We had to get our technology architecture to the point that we could really do this the right way. We had to have an enterprise version of the product which has all the authentication and security — you've just got to have that stuff. It's not something you can just bolt on.
Mobile use cases
Now that the API layer is in place and the Salesforce integration has been done, a mobile developer kit is being prepared for launch. An obvious use case is to collect feedback from mobile app users, says Goldberg:
Right now, there's not a good solution for in-app feedback from customers that's easy and cost-effective. You don't really want to send people to an app store to tell you that they have a problem with the product.
Another use case has been developed with mobile phone maker Samsung, in which a security guard uses voice input to report in while doing their rounds, while the phone records their location. It's another angle on the notion of combining contextual data with survey responses. The voice-driven survey app becomes the digital equivalent of ticking boxes on a control sheet carried on a clipboard. Goldberg comments:
We're constantly amazed by what our customers actually come up with. We're giving them a platform to collect data that they make decisions from. What those decisions are, what's that data they want to collect, it's all over the place. Anything you can think of, people have decided to use us for. As we start tying these things together, it'll get even broader.
We look at it as the collection of data.
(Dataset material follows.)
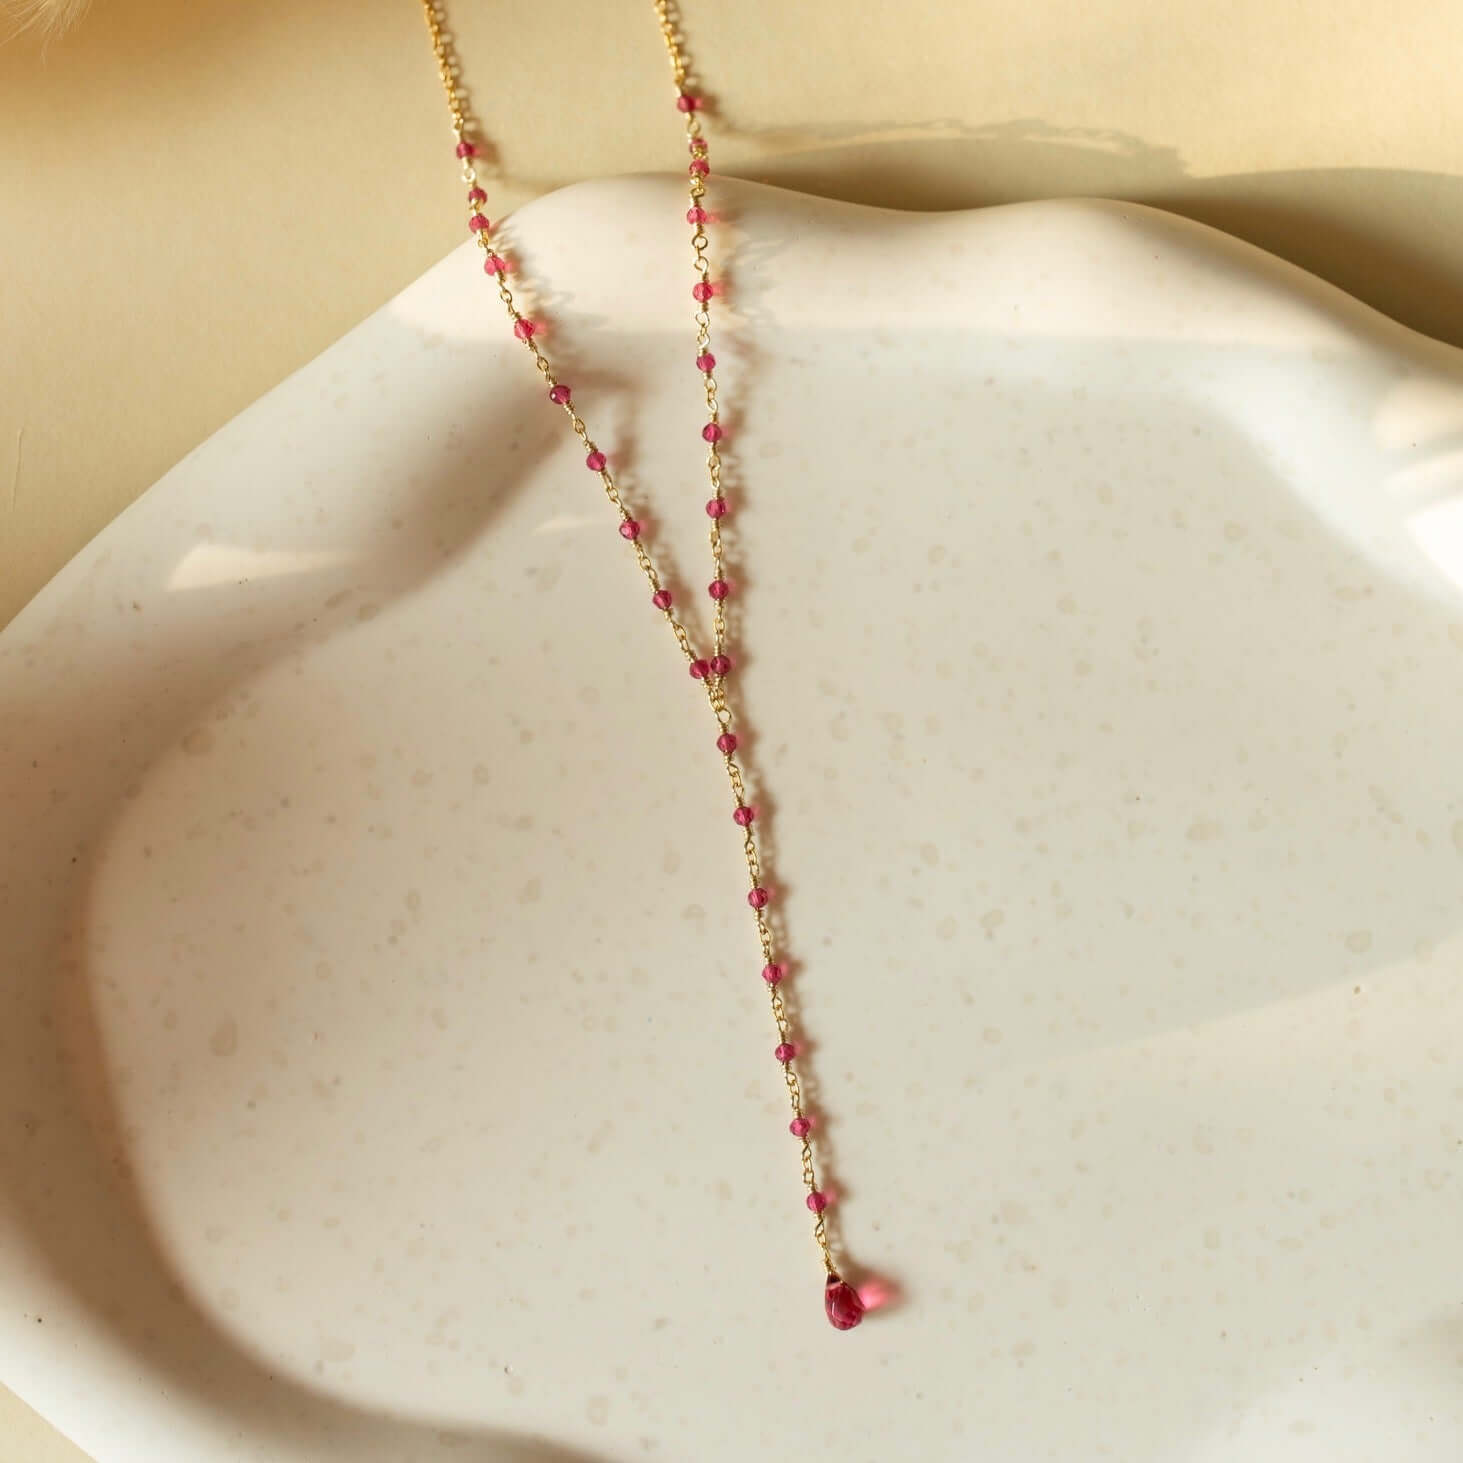 Pink tourmaline quartz lays gracefully on a rustic clay plate—a simple display of natural beauty.

Any mode that our customers want to interact with their [customers] or their employees, we've got to be in those places. That could be inside of other applications, it could be through email, on a web page, in mobile, whatever mode somebody's in, we need to give people the ability to collect that data.
My take
SurveyMonkey's journey is a reminder of the many differences between a standalone, single-user application and the same functionality delivered in an enterprise context. The enterprise environment brings requirements for user administration and compliance as well as an API layer that allows for interactions with many other applications.
Now that the provider has completed its rearchitecture, it has to justify its existence by demonstrating that there is a market need for survey functionality as a separate, plug-in service.
In the old world of enterprise IT, the tendency has been to harness as much functionality as possible in a single platform — providing 'one throat to choke' for support, licensing and so on. SurveyMonkey's ability to thrive as a separate service will show us how strongly such concerns are still an issue in the cloud.
Disclosure: Salesforce.com is a diginomica premier partner.